An end to high memory?

By Jonathan Corbet
February 27, 2020

This patch from Johannes Weiner seemed like a straightforward way to improve memory-reclaim performance; without it, the virtual filesystem layer throws away memory that the memory-management subsystem thinks is still worth keeping. But that patch quickly ran afoul of a feature (or "misfeature" depending on who one asks) from the distant past, one which goes by the name of "high memory". Now, more than 20 years after its addition, high memory may be brought down low, as developers consider whether it should be deprecated and eventually removed from the kernel altogether.

A high-memory refresher

The younger readers out there may be forgiven for not remembering just what high memory is, so a quick refresh seems in order. We'll start by noting, for the oldest among our readers, that it has nothing to do with the "high memory" concept found on early personal computers. That, of course, was memory above the hardware-implemented hole at 640KB — memory that was, according to a famous quote often attributed to Bill Gates, surplus to the requirements of any reasonable user. The kernel's notion of high memory, instead, is a software construct, not directly driven by the hardware.

Since the earliest days, the kernel has maintained a "direct map", wherein all of physical memory is mapped into a single, large, linear array in kernel space. The direct map makes it easy for the kernel to manipulate any page in the system; it also, on somewhat newer hardware, is relatively efficient since it is mapped using huge pages.

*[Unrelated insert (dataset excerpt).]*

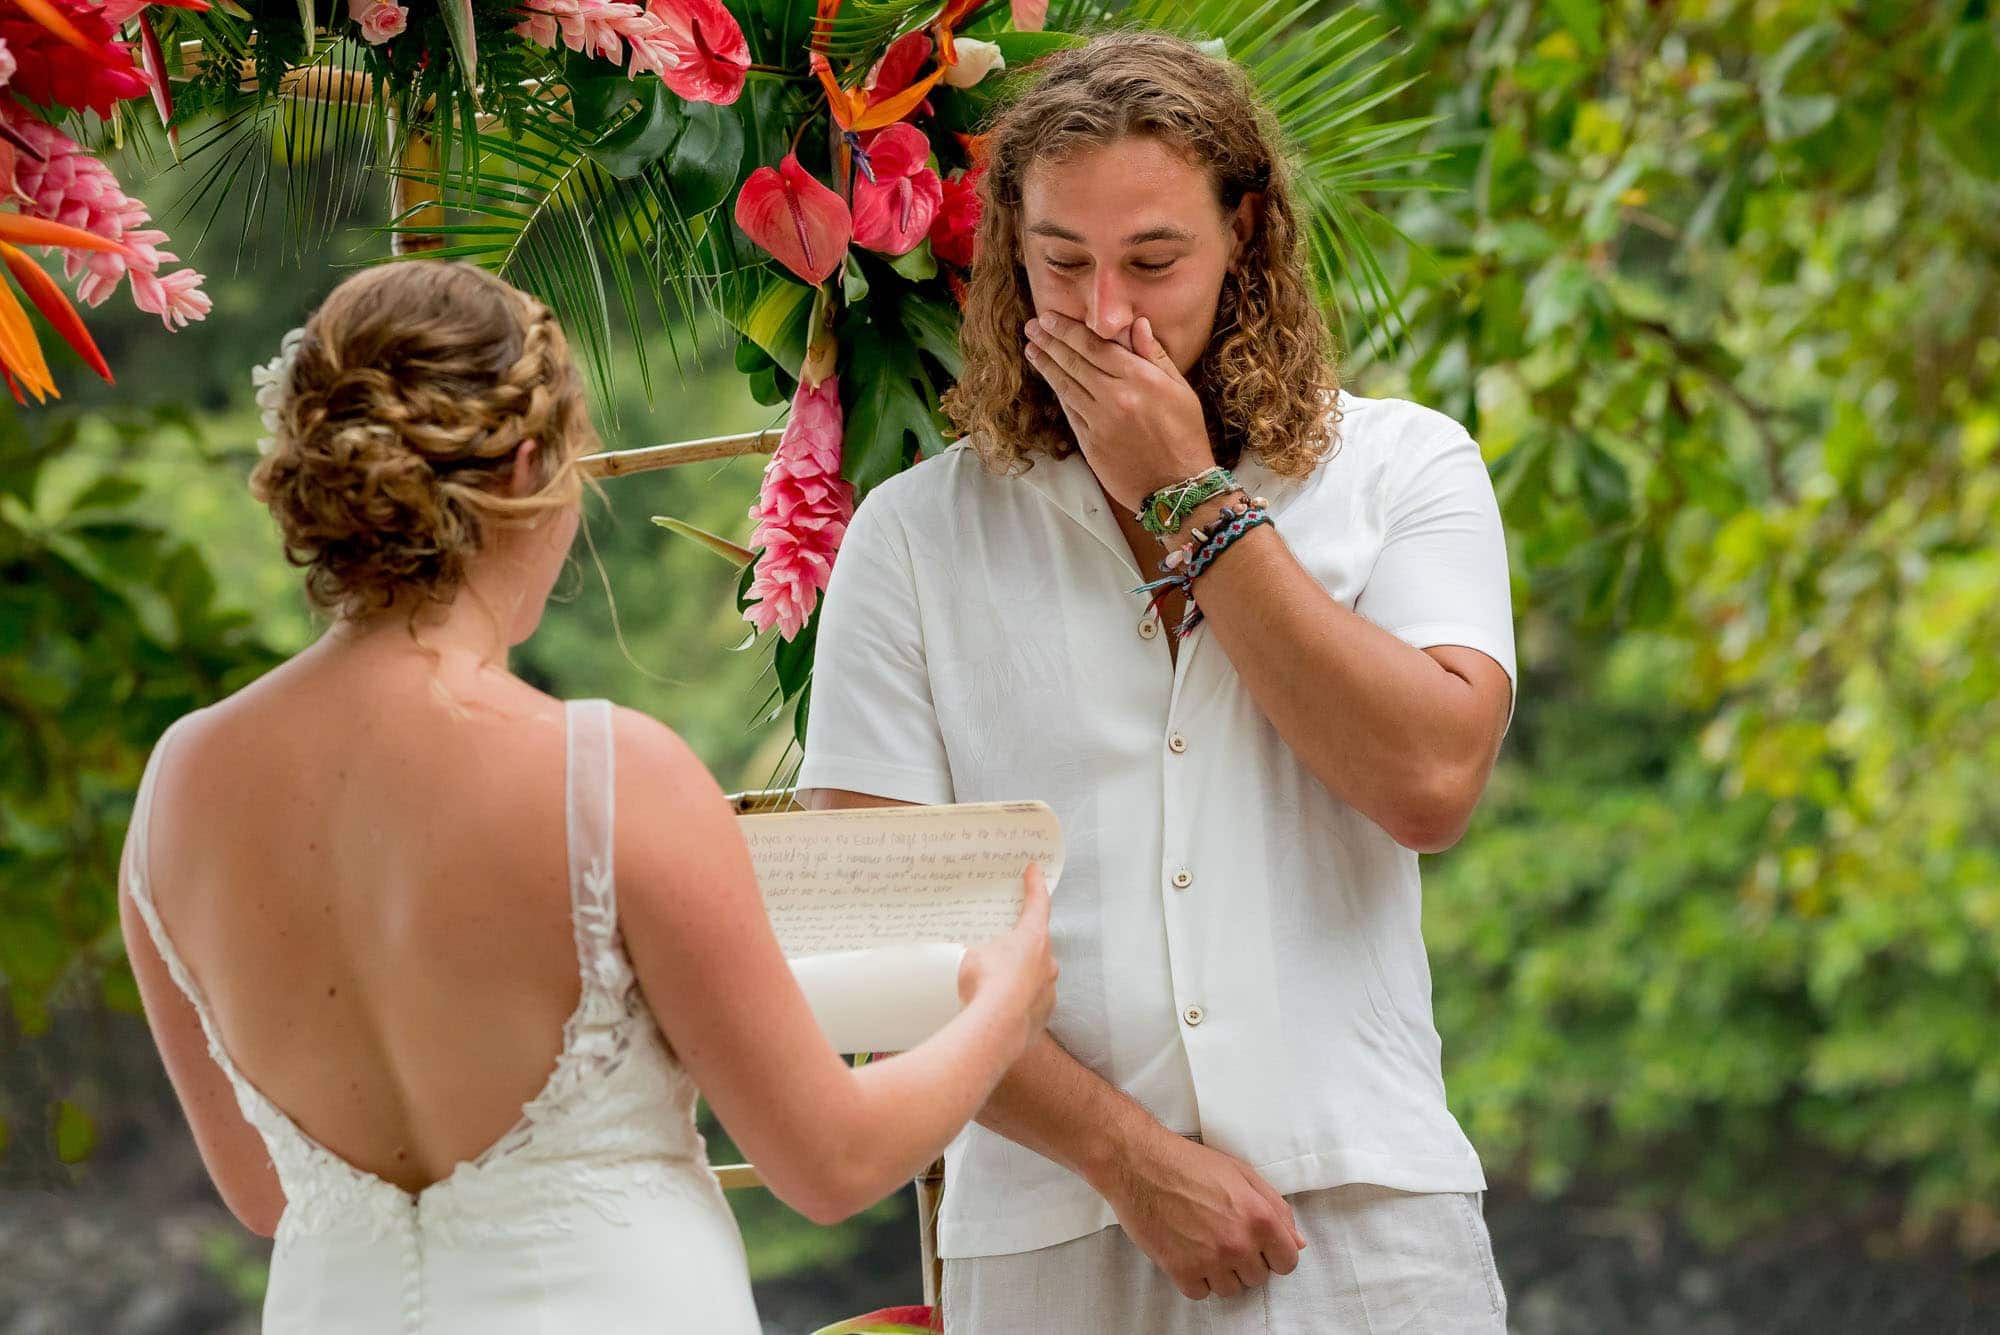 Groom gets a little emotional as the bride reads her vows

A problem arose, though, as memory sizes increased. A 32-bit system has the ability to address 4GB of virtual memory; while user space and the kernel could have distinct 4GB address spaces, arranging things that way imposes a significant performance cost resulting from the need for frequent translation lookaside buffer flushes. To avoid paying this cost, Linux used the same address space for both kernel and user mode, with the memory protections set to prevent user space from accessing the kernel's portion of the shared space. This arrangement saved a great deal of CPU time — at least, until the Meltdown vulnerability hit and forced the isolation of the kernel's address space.

The kernel, by default, divided the 4GB virtual address space by assigning 3GB to user space and keeping the uppermost 1GB for itself. The kernel itself fits comfortably in 1GB, of course — even 5.x kernels are smaller than that. But the direct memory map, which is naturally as large as the system's installed physical memory, must also fit into that space. Early kernels could only manage memory that could be directly mapped, so Linux systems, for some years, could only make use of a bit under 1GB of physical memory. That worked for a surprisingly long time; even largish server systems didn't exceed that amount.

Eventually, though, it became clear that the need to support larger installed memory sizes was coming rather more quickly than 64-bit systems were, so something would need to be done. The answer was to remove the need for all physical memory to be in the direct map, which would only contain as much memory as the available address space would allow. Memory above that limit was deemed "high memory". Where the dividing line sat depended entirely on the kernel configuration and how much address space was dedicated to kernel use, rather than on the hardware.

In many ways, high memory works like any other; it can be mapped into user space and the recipients don't see any difference. But being absent from the direct map means that the kernel cannot access it without creating a temporary, single-page mapping, which is expensive. That implies that high memory cannot hold anything that the kernel must be able to access quickly; in practice, that means any kernel data structure at all. Those structures must live in low memory; that turns low memory into a highly contended resource on many systems.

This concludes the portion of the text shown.